X_train, X_test, y_train, y_test = train_test_split(X_scaled, y, test_size=0.2, random_state=42)


In [13]:
import torch.nn as nn
import torch.optim as optim
from torch.utils.data import DataLoader, TensorDataset
import torch
import torch.nn as nn
import torch.nn.functional as F

In [14]:
class VoiceClassifier(nn.Module):
    def __init__(self, input_dim, num_classes):
        super(VoiceClassifier, self).__init__()
        self.fc1 = nn.Linear(input_dim, 512)
        self.bn1 = nn.BatchNorm1d(512)
        self.fc2 = nn.Linear(512, 256)
        self.bn2 = nn.BatchNorm1d(256)
        self.fc3 = nn.Linear(256, 128)
        self.bn3 = nn.BatchNorm1d(128)
        self.fc4 = nn.Linear(128, num_classes)
        self.dropout = nn.Dropout(0.5)
    
    def forward(self, x):
        x = F.leaky_relu(self.bn1(self.fc1(x)))
        x = self.dropout(x)
        x = F.leaky_relu(self.bn2(self.fc2(x)))
        x = self.dropout(x)
        x = F.leaky_relu(self.bn3(self.fc3(x)))
        x = self.dropout(x)
        x = self.fc4(x)
        return x

In [15]:
X_train_tensor = torch.tensor(X_train, dtype=torch.float32)
y_train_tensor = torch.tensor([char_folder.index(label) for label in y_train], dtype=torch.long)
X_test_tensor = torch.tensor(X_test, dtype=torch.float32)
y_test_tensor = torch.tensor([char_folder.index(label) for label in y_test], dtype=torch.long)

train_dataset = TensorDataset(X_train_tensor, y_train_tensor)
test_dataset = TensorDataset(X_test_tensor, y_test_tensor)

train_loader = DataLoader(train_dataset, batch_size=32, shuffle=True)
test_loader = DataLoader(test_dataset, batch_size=32, shuffle=False)


In [16]:
input_dim = X_train.shape[1]
num_classes = len(char_folder)
vc_model = VoiceClassifier(input_dim, num_classes).to(device)

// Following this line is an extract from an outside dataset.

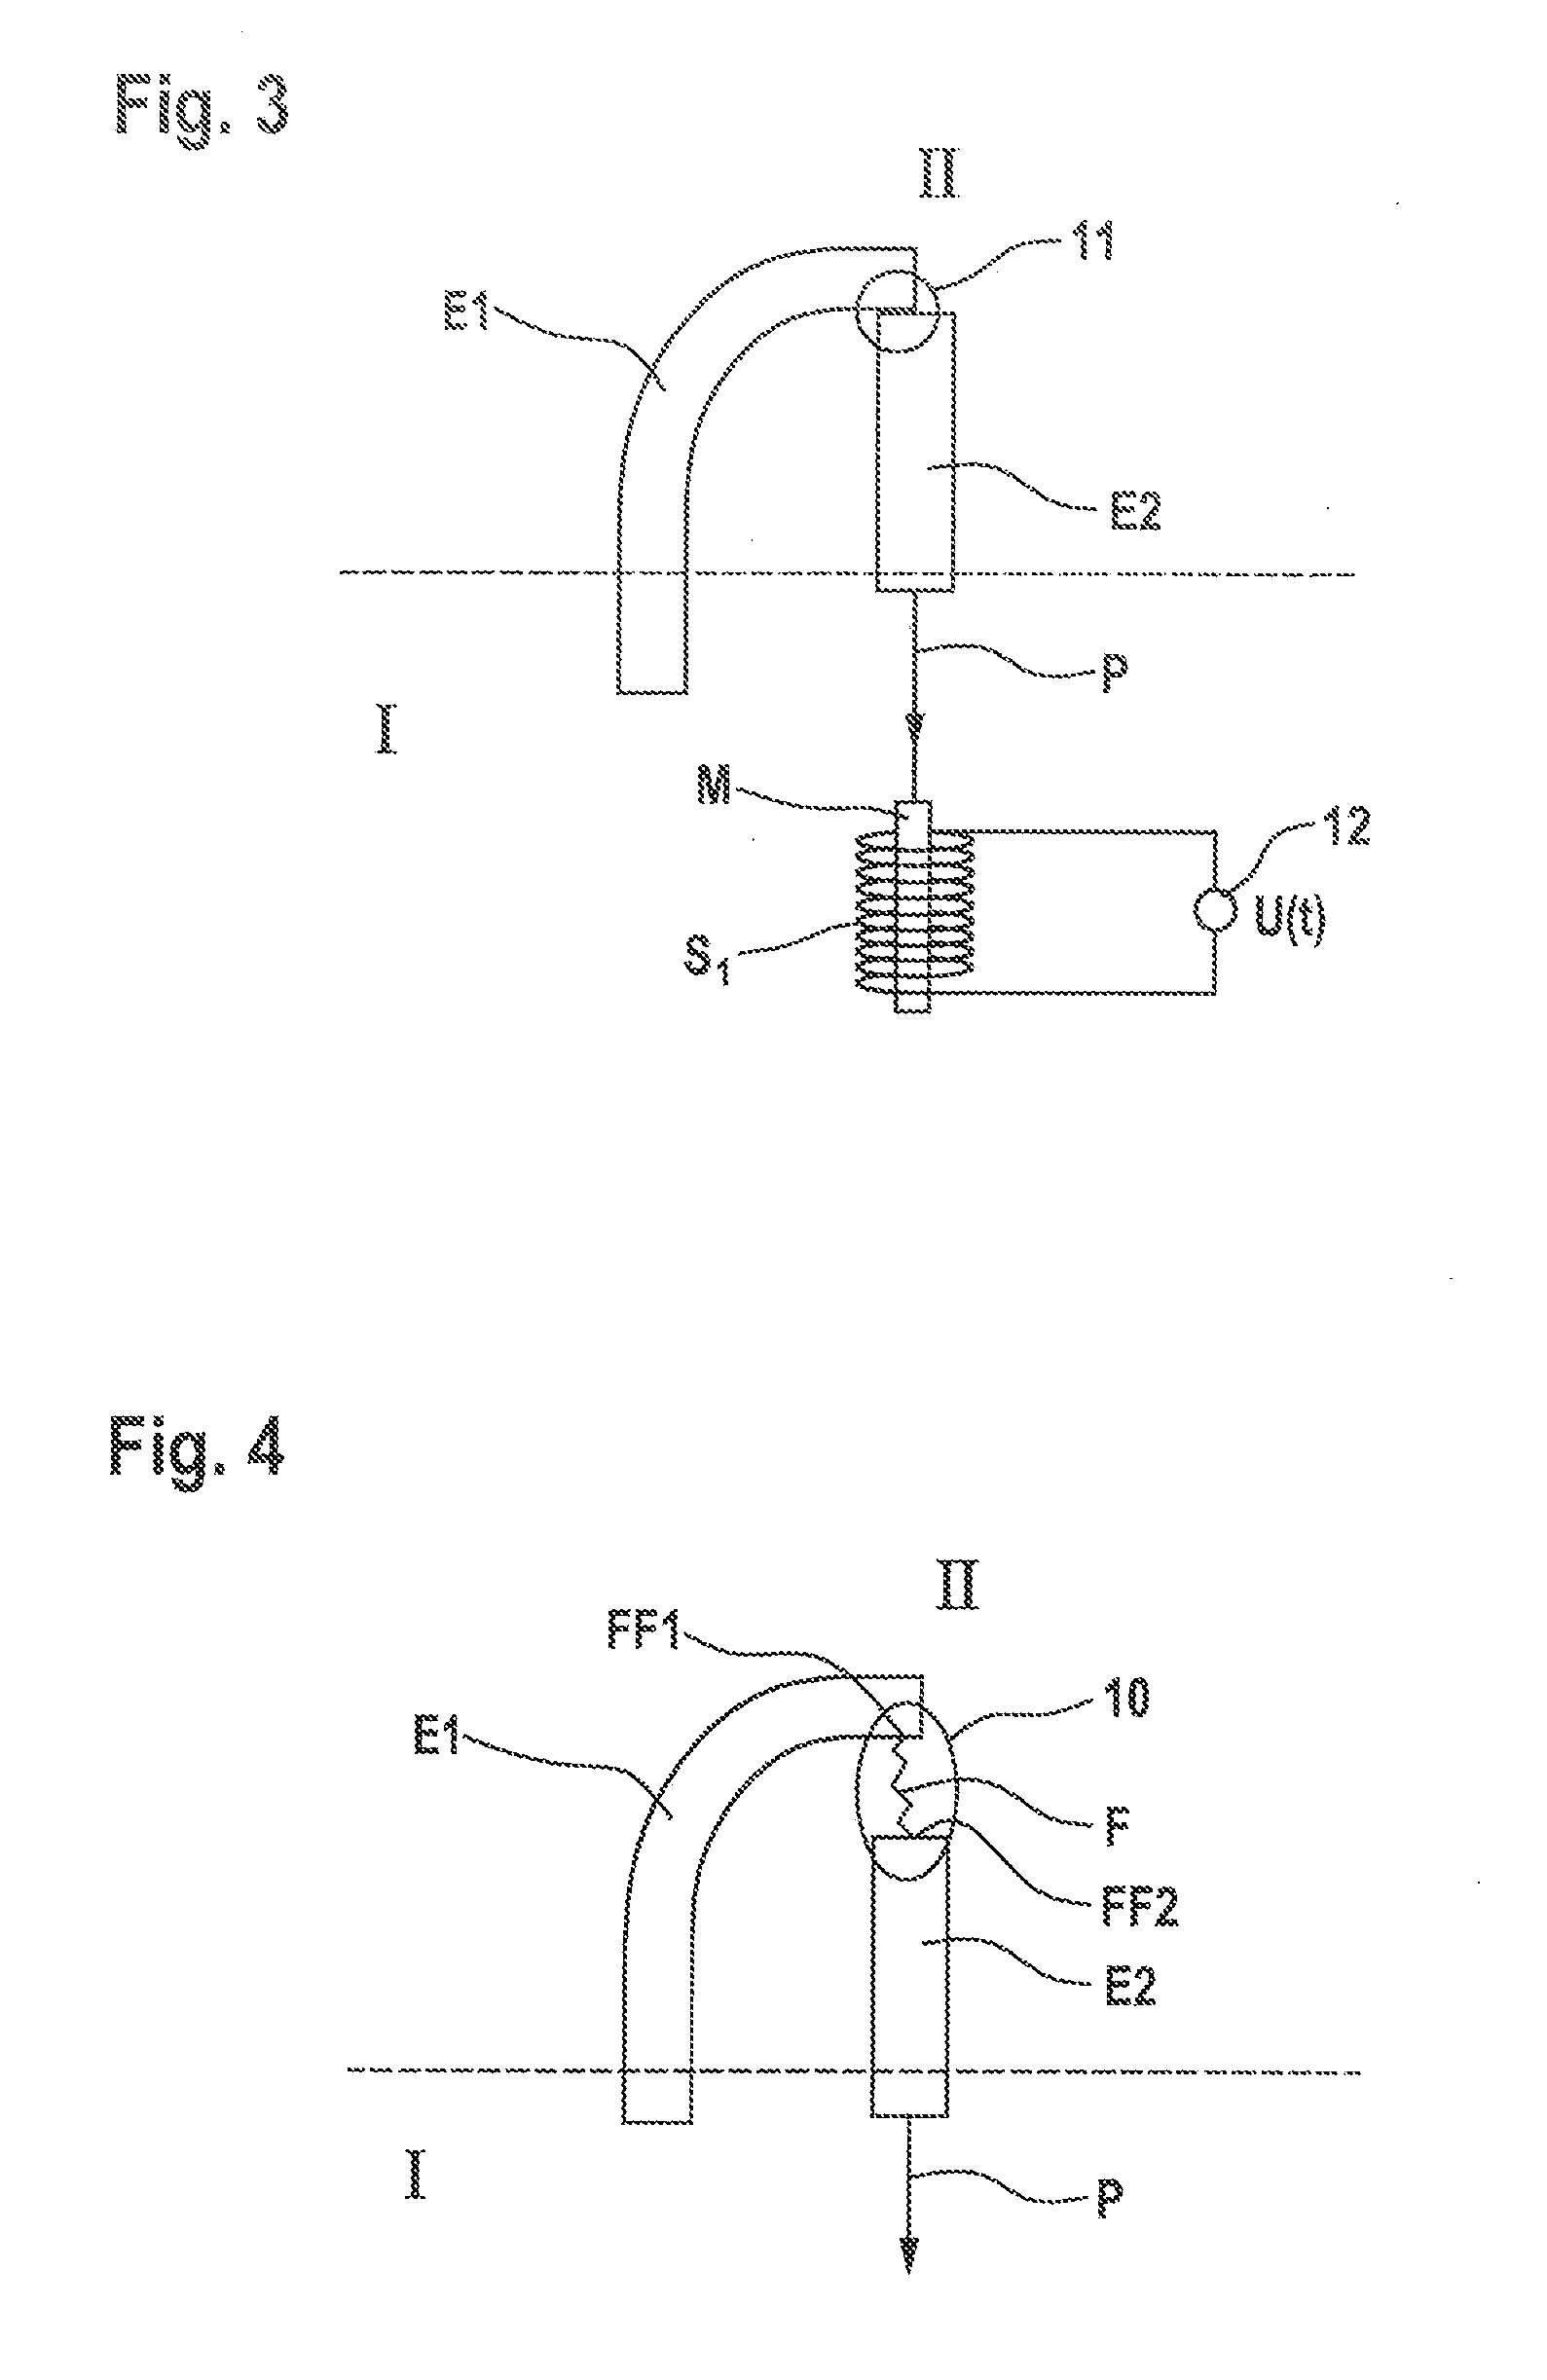 Ignition unit for an internal combustion engine
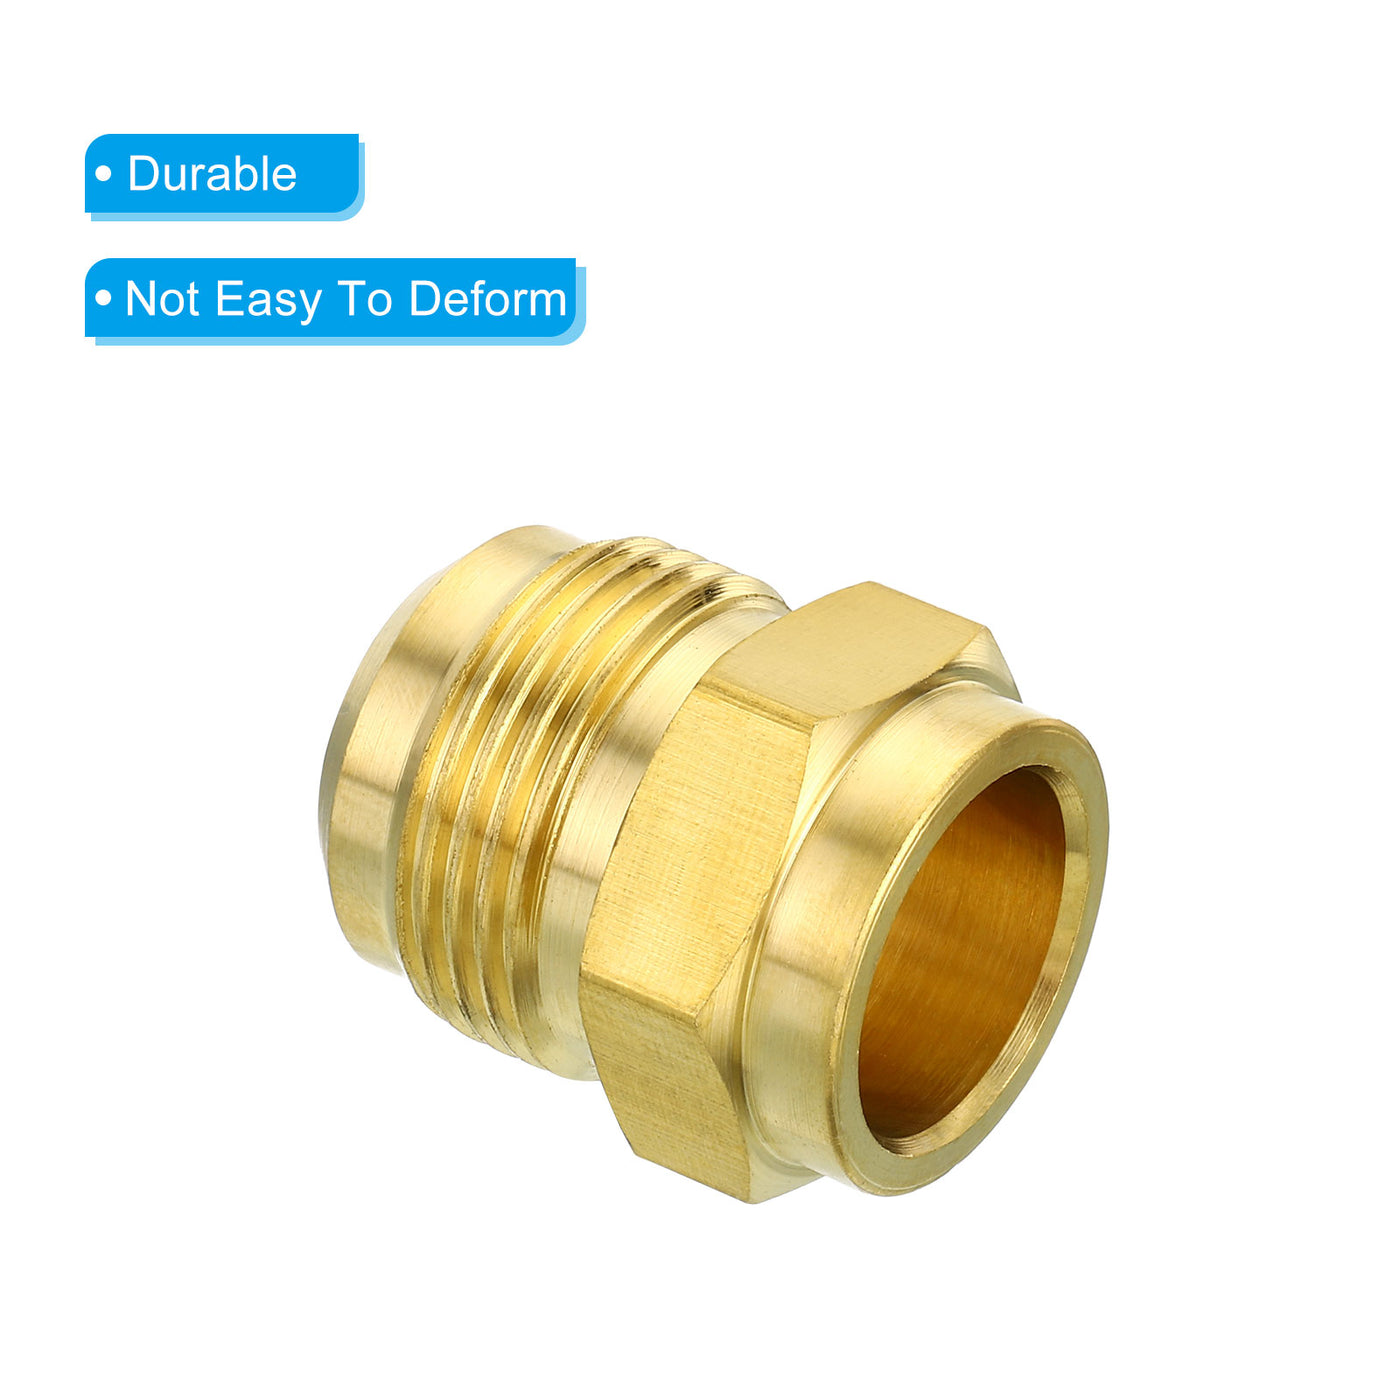 Harfington 3/4 SAE Male Thread Brass Flare Tube Fitting, Pipe Adapter Connector for Plumbing HVAC Air Conditioner

criterion = nn.CrossEntropyLoss()
optimizer = optim.Adam(vc_model.parameters(), lr=0.001)
num_epochs = 100
patience = 5
best_loss = float('inf')
counter = 0

In [17]:
for epoch in range(num_epochs):
    vc_model.train()
    running_loss = 0.0
    for inputs, labels in train_loader:
        inputs, labels = inputs.to(device), labels.to(device)
        
        optimizer.zero_grad()
        outputs = vc_model(inputs)
        loss = criterion(outputs, labels)
        loss.backward()
        optimizer.step()
        
        running_loss += loss.item()
    
    vc_model.eval()
    val_loss = 0.0
    all_preds = []
    all_labels = []
    with torch.no_grad():
        for inputs, labels in test_loader:
            inputs, labels = inputs.to(device), labels.to(device)
            outputs = vc_model(inputs)
            loss = criterion(outputs, labels)
            val_loss += loss.item()
            _, preds = torch.max(outputs, 1)
            all_preds.extend(preds.cpu().numpy())
            all_labels.extend(labels.cpu().numpy())
    
    val_loss /= len(test_loader)
    accuracy = accuracy_score(all_labels, all_preds)
    print(f"Epoch [{epoch+1}/{num_epochs}], Loss: {running_loss/len(train_loader):.4f}, Val Loss: {val_loss:.4f}, Accuracy: {accuracy:.4f}")
    
    if val_loss < best_loss:
        best_loss = val_loss
        counter = 0
    else:
        counter += 1
    
    if counter >= patience:
        print("Early stopping triggered")
        break

Epoch [1/100], Loss: 4.0622, Val Loss: 3.4643, Accuracy: 0.1836
Epoch [2/100], Loss: 3.3211, Val Loss: 2.7833, Accuracy: 0.3579
Epoch [3/100], Loss: 2.8910, Val Loss: 2.3713, Accuracy: 0.4285
Epoch [4/100], Loss: 2.5927, Val Loss: 2.0397, Accuracy: 0.5097
Epoch [5/100], Loss: 2.3744, Val Loss: 1.8246, Accuracy: 0.5390
Epoch [6/100], Loss: 2.2267, Val Loss: 1.6898, Accuracy: 0.6109
Epoch [7/100], Loss: 2.0640, Val Loss: 1.5473, Accuracy: 0.6121
Epoch [8/100], Loss: 1.9914, Val Loss: 1.4272, Accuracy: 0.6627
Epoch [9/100], Loss: 1.8705, Val Loss: 1.3506, Accuracy: 0.6608
Epoch [10/100], Loss: 1.7848, Val Loss: 1.2822, Accuracy: 0.6802
Epoch [11/100], Loss: 1.7158, Val Loss: 1.2019, Accuracy: 0.6983
Epoch [12/100], Loss: 1.6616, Val Loss: 1.1598, Accuracy: 0.7046
Epoch [13/100], Loss: 1.6104, Val Loss: 1.1303, Accuracy: 0.7064
Epoch [14/100], Loss: 1.5917, Val Loss: 1.1305, Accuracy: 0.7164
Epoch [15/100], Loss: 1.5540, Val Loss: 1.0906, Accuracy: 0.7171
Epoch [16/100], Loss: 1.5065, Val 

In [18]:
def predict_character(audio_file):
    vc_model.eval()
    embedding = extract_voice_embeddings(audio_file)
    embedding_scaled = scaler.transform([embedding])
    embedding_tensor = torch.tensor(embedding_scaled, dtype=torch.float32).to(device)
    
    
    with torch.no_grad():
        output = vc_model(embedding_tensor)
        _, pred = torch.max(output, 1)
    
    return char_folder[pred.item()]




In [19]:
predict_character('characters/Lisa/27_audio.wav')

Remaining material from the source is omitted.